SELECT ConsignmentNo
    ,CondensedItemNos=STUFF(( 
        SELECT ', ' + 
            CASE -- Include either a single package or the range (hyphenated) 
                WHEN StartPkgNo = EndPkgNo THEN CAST(StartPkgNo AS VARCHAR(5))
                ELSE CAST(StartPkgNo AS VARCHAR(5)) + '-' + CAST(EndPkgNo AS VARCHAR(5))
                END
        FROM Islands b
        WHERE a.ConsignmentNo = b.ConsignmentNo
        ORDER BY StartPkgNo
        FOR XML PATH('')), 1, 2, '')
    ,MissingPkgNos=STUFF(( 
        SELECT ', ' + 
            CASE -- Include either a single package or the range (hyphenated) 
                WHEN GapStartPkgNo = GapEndPkgNo THEN CAST(GapStartPkgNo AS VARCHAR(5))
                ELSE CAST(GapStartPkgNo AS VARCHAR(5)) + '-' + CAST(GapEndPkgNo AS VARCHAR(5))
                END
        FROM Islands2Gaps b
        WHERE a.ConsignmentNo = b.ConsignmentNo
        ORDER BY GapStartPkgNo
        FOR XML PATH('')), 1, 2, '')
FROM #ConsHistoryDelimited a;

Note that we have reverted to the Islands CTE that draws its data directly from the #ConsignmentHistory table. The results output from this query are:

ConsignmentNo  CondensedItemNos                             MissingPkgNos
2322           1, 3-4                                       2
2343           1-2, 5-6	                                    3-4
4385           2-8, 10-16, 18-24, 26-32, 34-40, 42-48, 50   9, 17, 25, 33, 41, 49
5195           1-2, 5, 7                                    3-4, 6
6377           1-100                                        NULL
7611           1-2, 4, 6                                    3, 5

If we prefer, we can UPDATE the missing packages into our table.

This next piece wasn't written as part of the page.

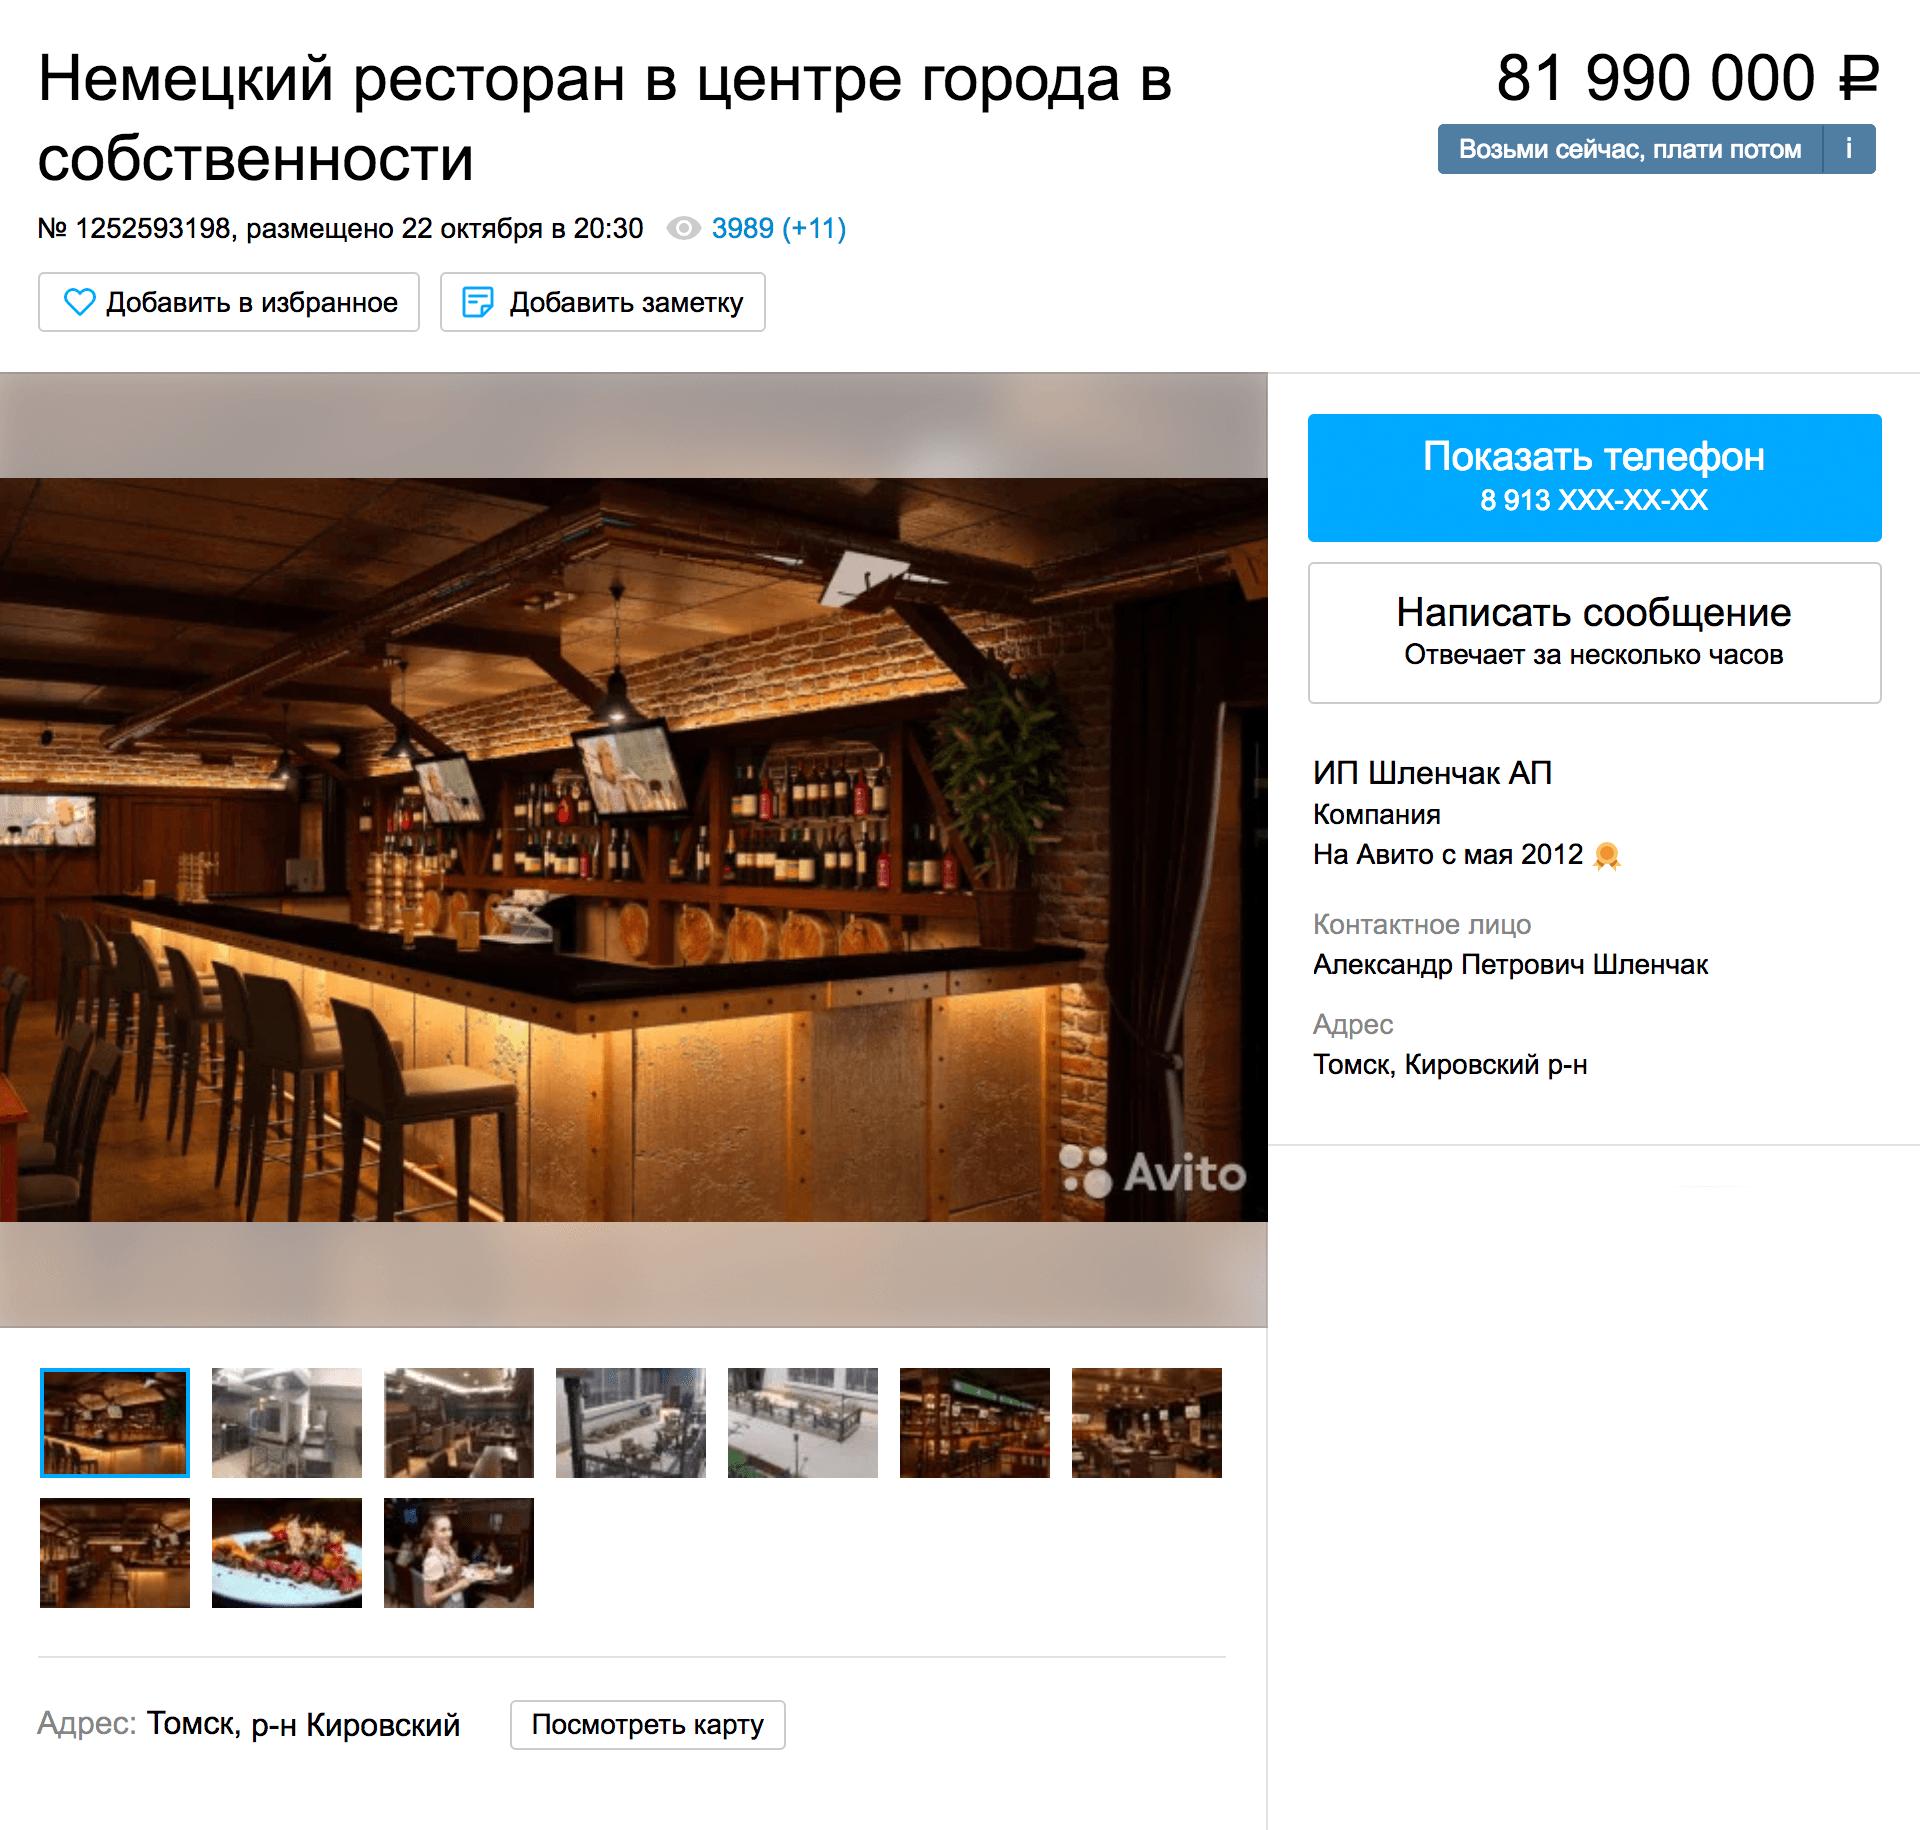 Концептуальный пивной ресторан в центре Томска продают почти за 82 млн рублей. Объявление на «Авито»

-- Our Islands CTE creates the ranges of package numbers
WITH Islands AS (
    SELECT ConsignmentNo, StartPkgNo=MIN(PkgNo), EndPkgNo=MAX(PkgNo)
    FROM (
        SELECT ConsignmentNo, PkgNo
            -- This rn represents the "staggered rows"
            ,rn=PkgNo-ROW_NUMBER() OVER (PARTITION BY ConsignmentNo ORDER BY PkgNo)
        FROM #ConsignmentHistory) a
    GROUP BY ConsignmentNo, rn)
    -- Convert the Islands to Gaps (missing) packages using CROSS APPLY VALUES
    ,Islands2Gaps AS (
        SELECT ConsignmentNo, GapStartPkgNo=MIN(PkgNo), GapEndPkgNo=MAX(PkgNo)
        FROM (
            SELECT ConsignmentNo, PkgNo
                ,rn=ROW_NUMBER() OVER (PARTITION BY ConsignmentNo ORDER BY (SELECT NULL))/2
            FROM Islands a
            CROSS APPLY (VALUES (StartPkgNo-1),(EndPkgNo+1)) b(PkgNo)) a
        GROUP BY ConsignmentNo, rn
        HAVING COUNT(PkgNo) = 2)
-- Update the missing package numbers column of our #ConsHistoryDelimited table
UPDATE a
SET MissingPkgNos=STUFF(( 
    SELECT ', ' + 
        CASE -- Include either a single package or the range (hyphenated) 
            WHEN GapStartPkgNo = GapEndPkgNo THEN CAST(GapStartPkgNo AS VARCHAR(5))
            ELSE CAST(GapStartPkgNo AS VARCHAR(5)) + '-' + CAST(GapEndPkgNo AS VARCHAR(5))
            END
    FROM Islands2Gaps b
    WHERE a.ConsignmentNo = b.ConsignmentNo
    ORDER BY GapStartPkgNo
    FOR XML PATH('')), 1, 2, '')
FROM #ConsHistoryDelimited a;

SELECT ConsignmentNo, MissingPkgNos
FROM #ConsHistoryDelimited;

Exploding the Condensed Delimited List

To explode a condensed, delimited list is to simply expand out any of the entries that include a hyphen. To do this, we’ll once again use DelimitedSplit8K (to split on comma separators) and the familiar concept of a Tally table. Pretty much any Tally table will do, whether it is a true table in your database or an in-line Tally table like I’ve done. To keep performance under control when using an in-line Tally table, make sure you don’t generate any more tally rows than you need, so check what I’ve done with TOP.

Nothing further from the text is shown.